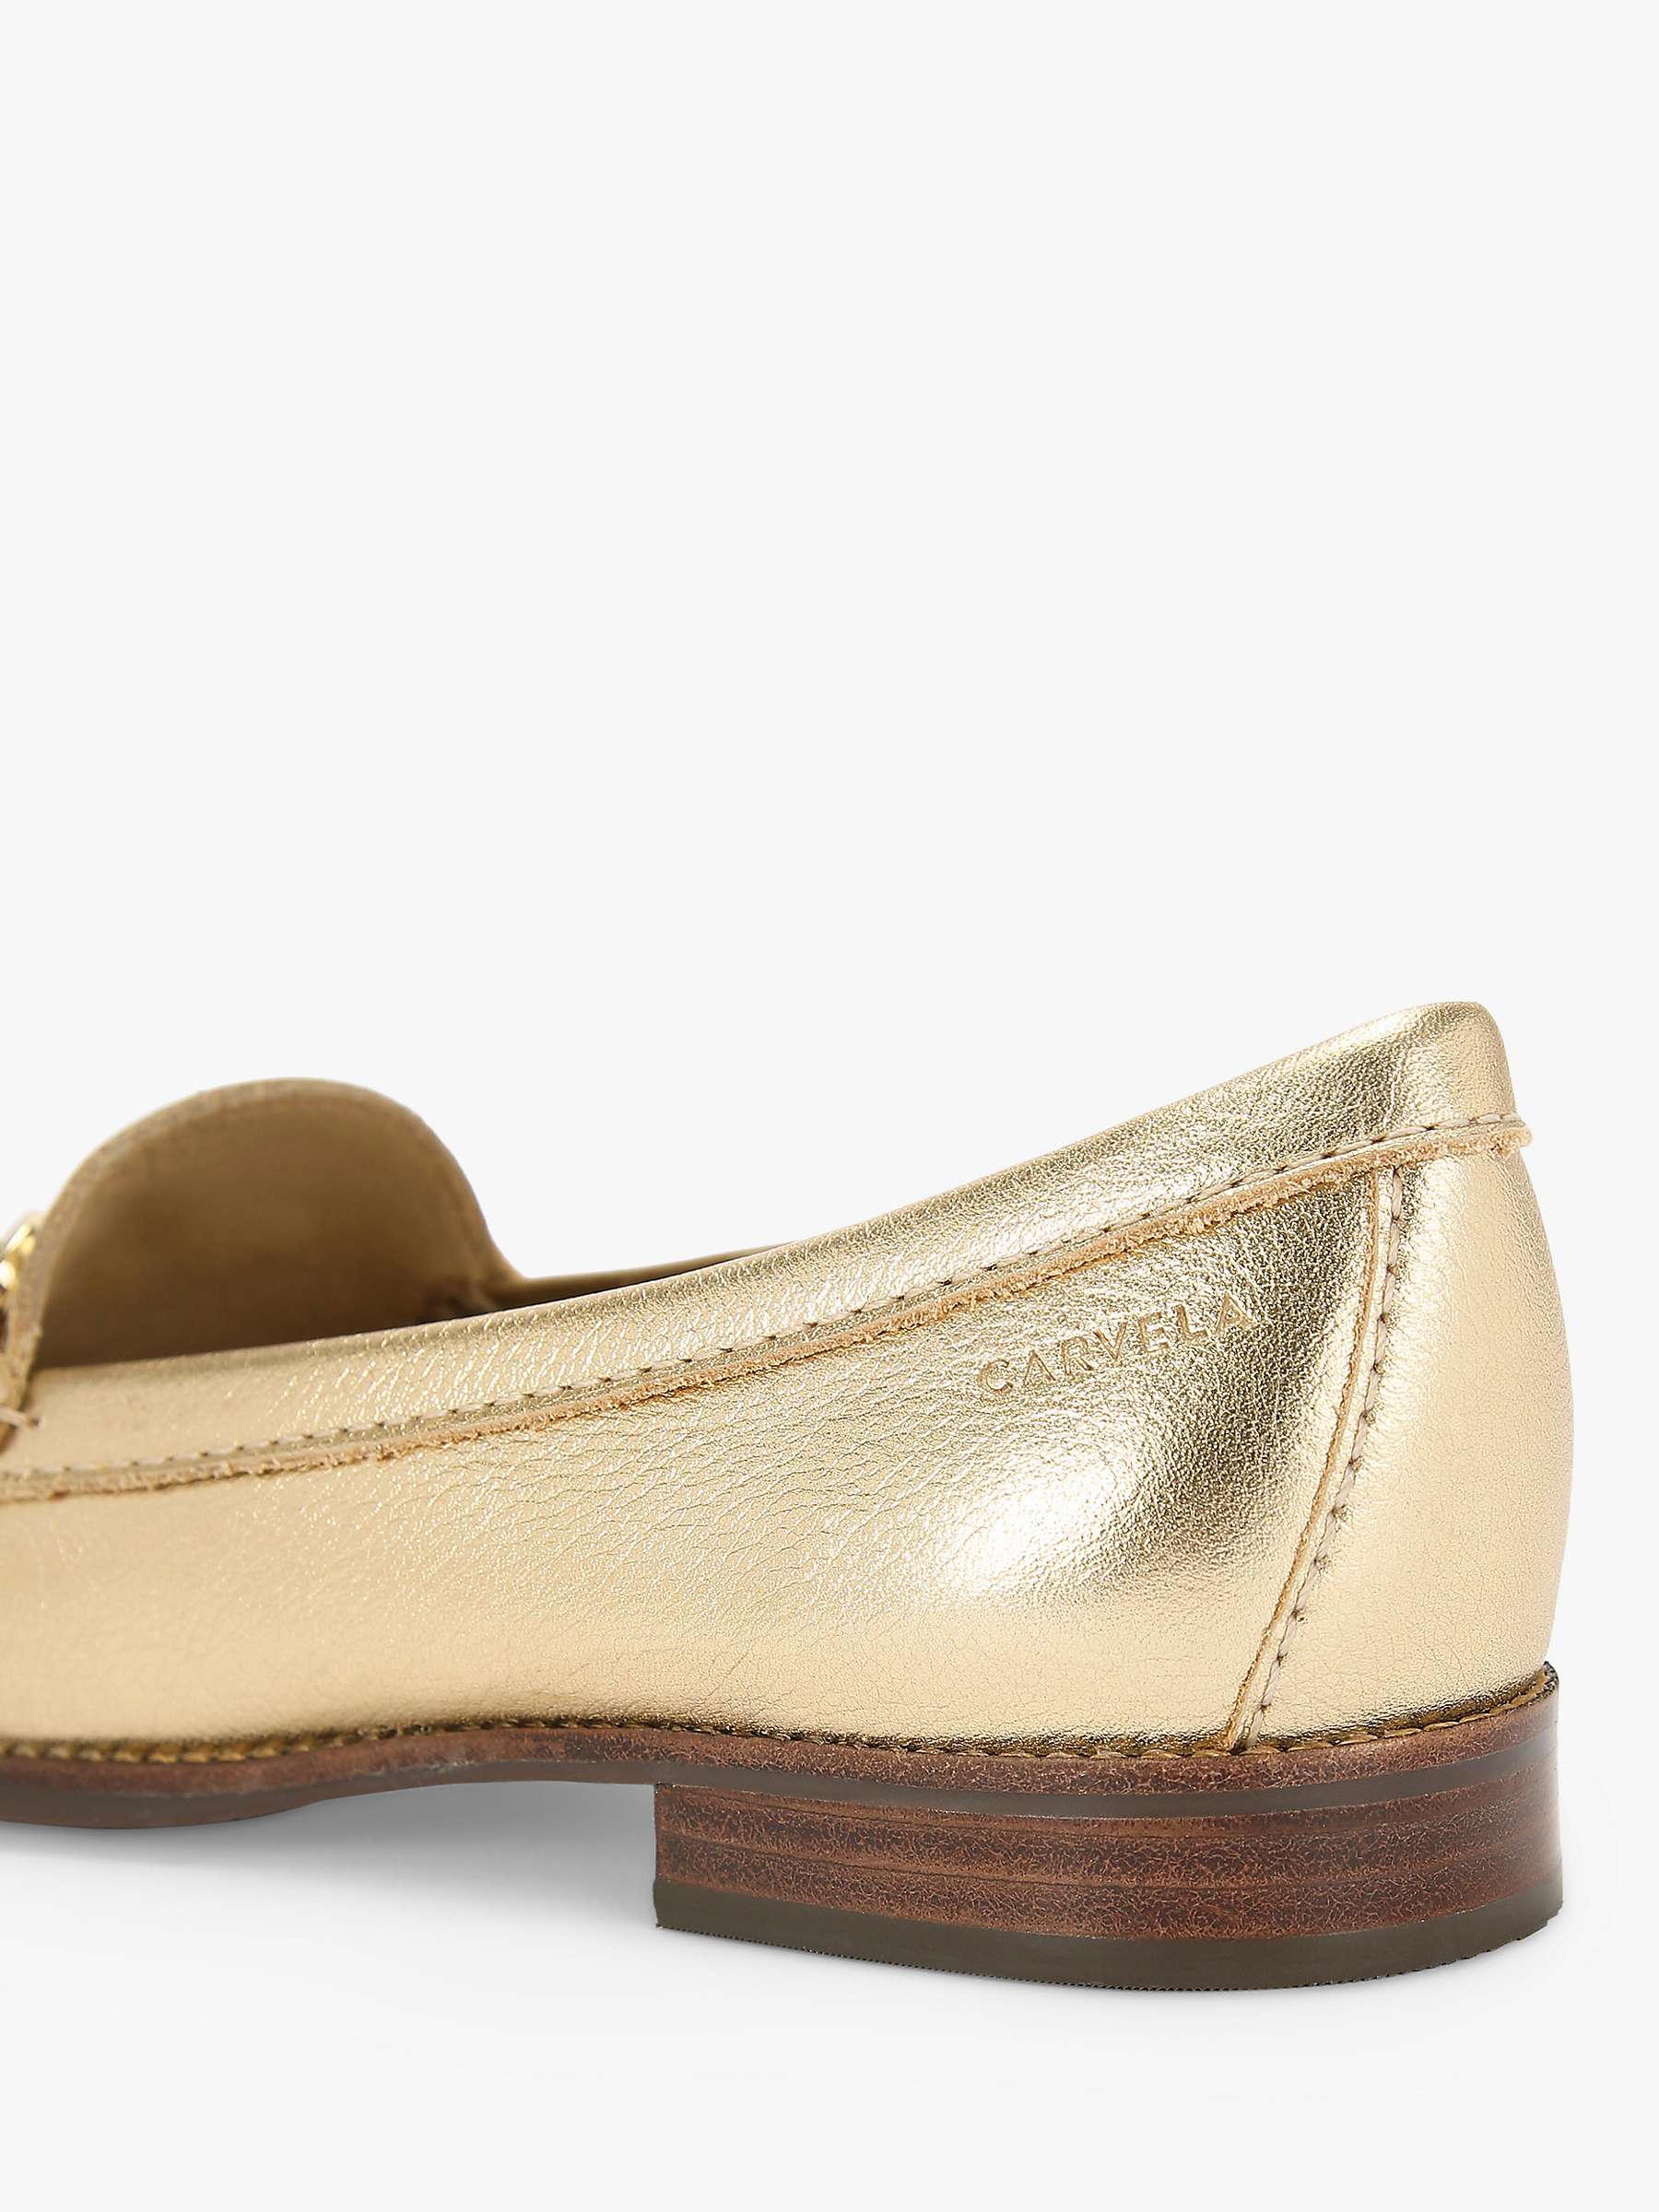 Buy Carvela Comfort Click Loafers Online at johnlewis.com
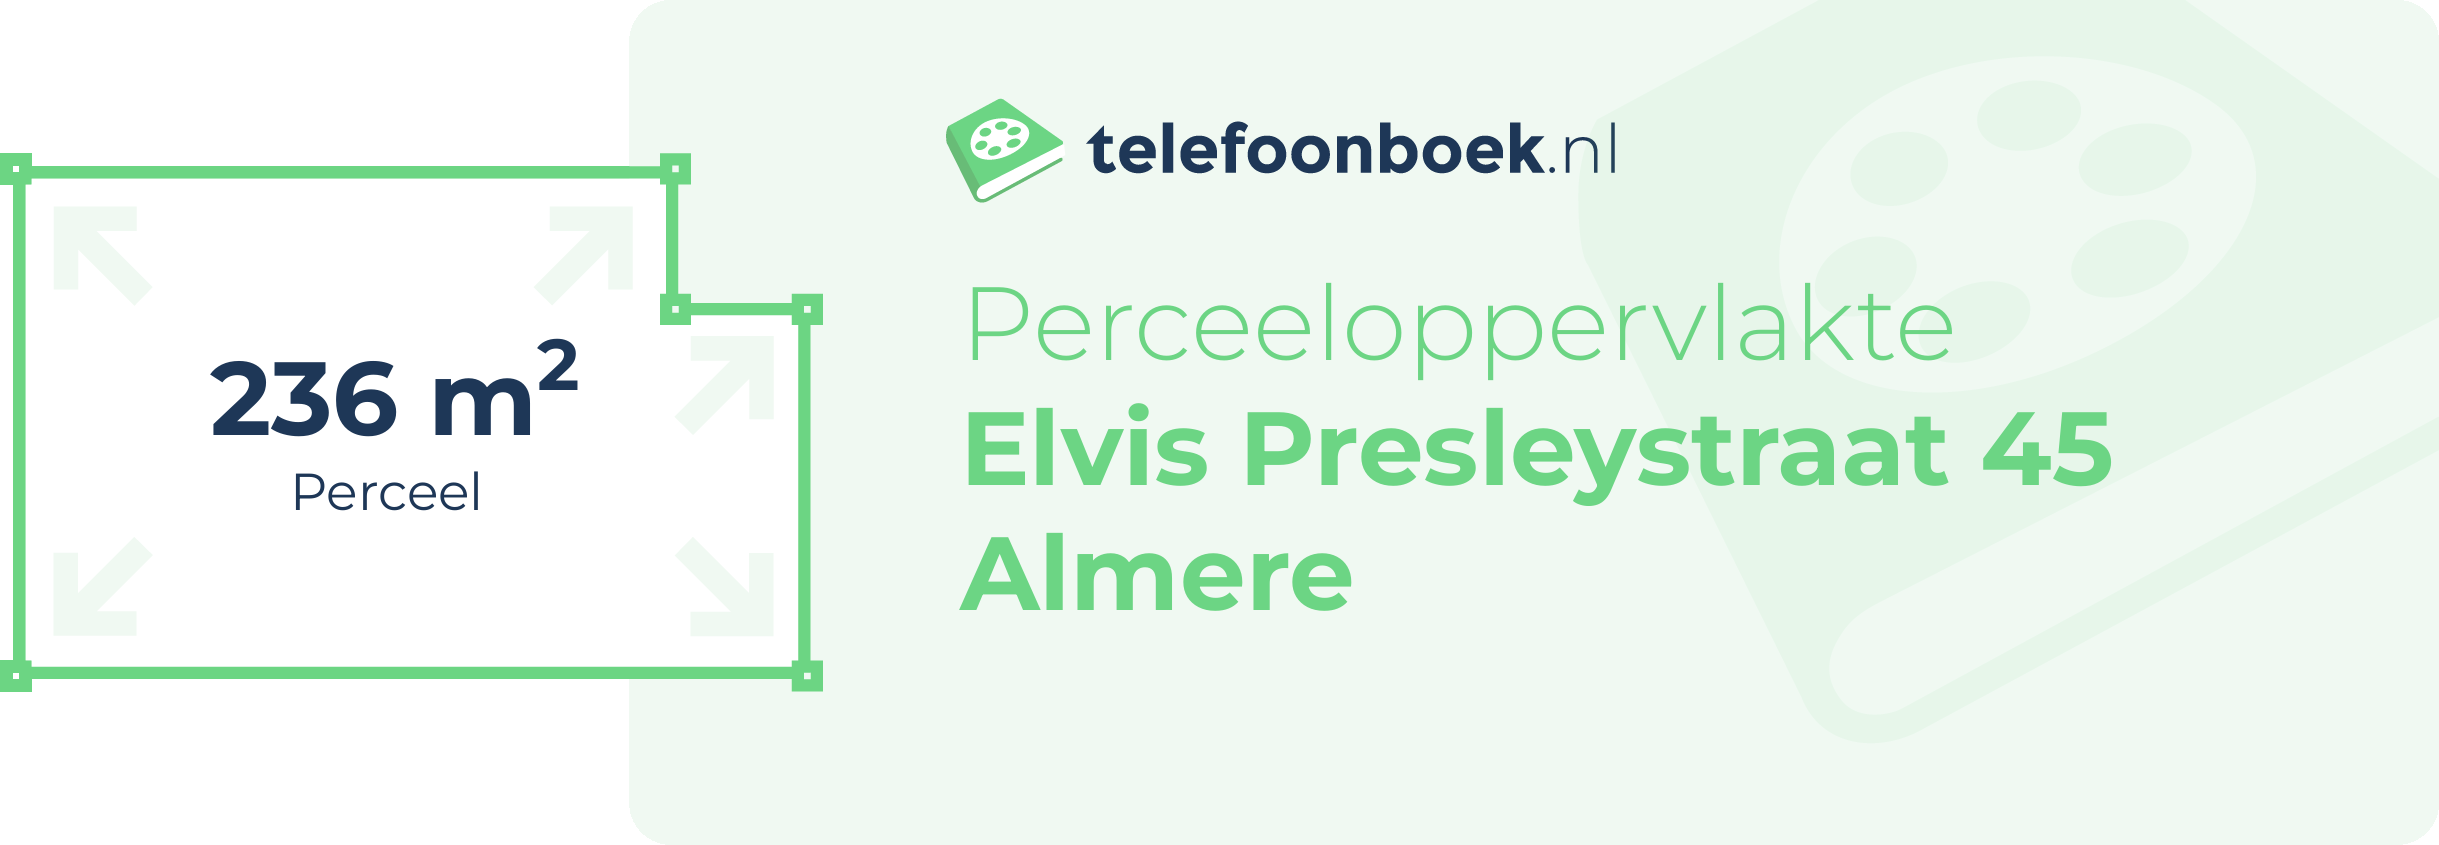 Perceeloppervlakte Elvis Presleystraat 45 Almere
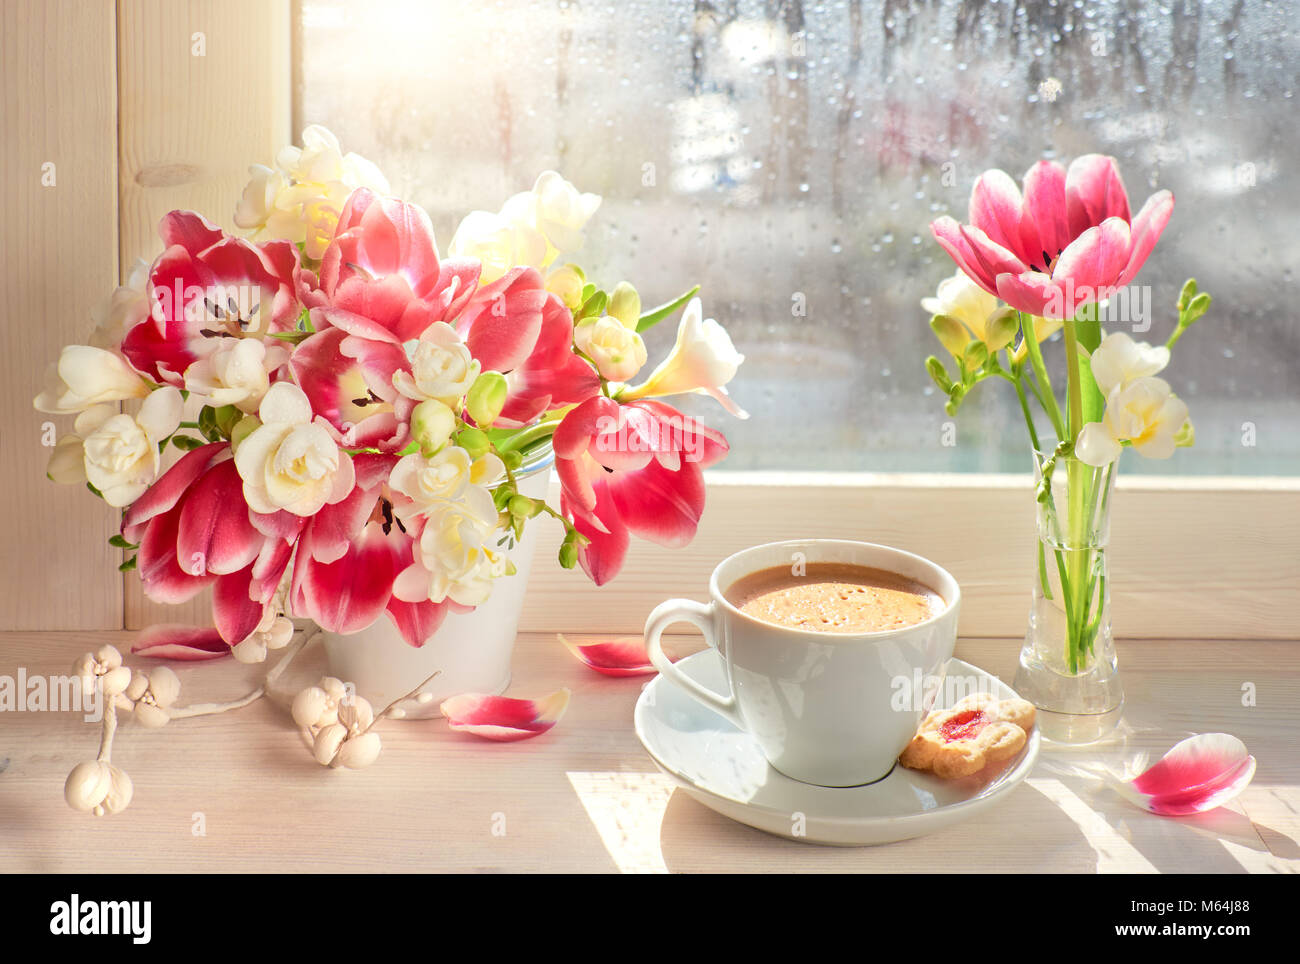 Tasse Kaffee am Fenster, Sonne nach dem Regen. Frühling Blumen: rosa Tulpen  und weißen Freesien Stockfotografie - Alamy

####################

PROBLEM DESCRIPTION:
Extract every line of the data exactly; pictures stay out.

EXERCISE RESPONSE:
 Buy Carvela Comfort Click Loafers Online at johnlewis.com
 Perceeloppervlakte Elvis Presleystraat 45 Almere
 Tasse Kaffee am Fenster, Sonne nach dem Regen. Frühling Blumen: rosa Tulpen  und weißen Freesien Stockfotografie - Alamy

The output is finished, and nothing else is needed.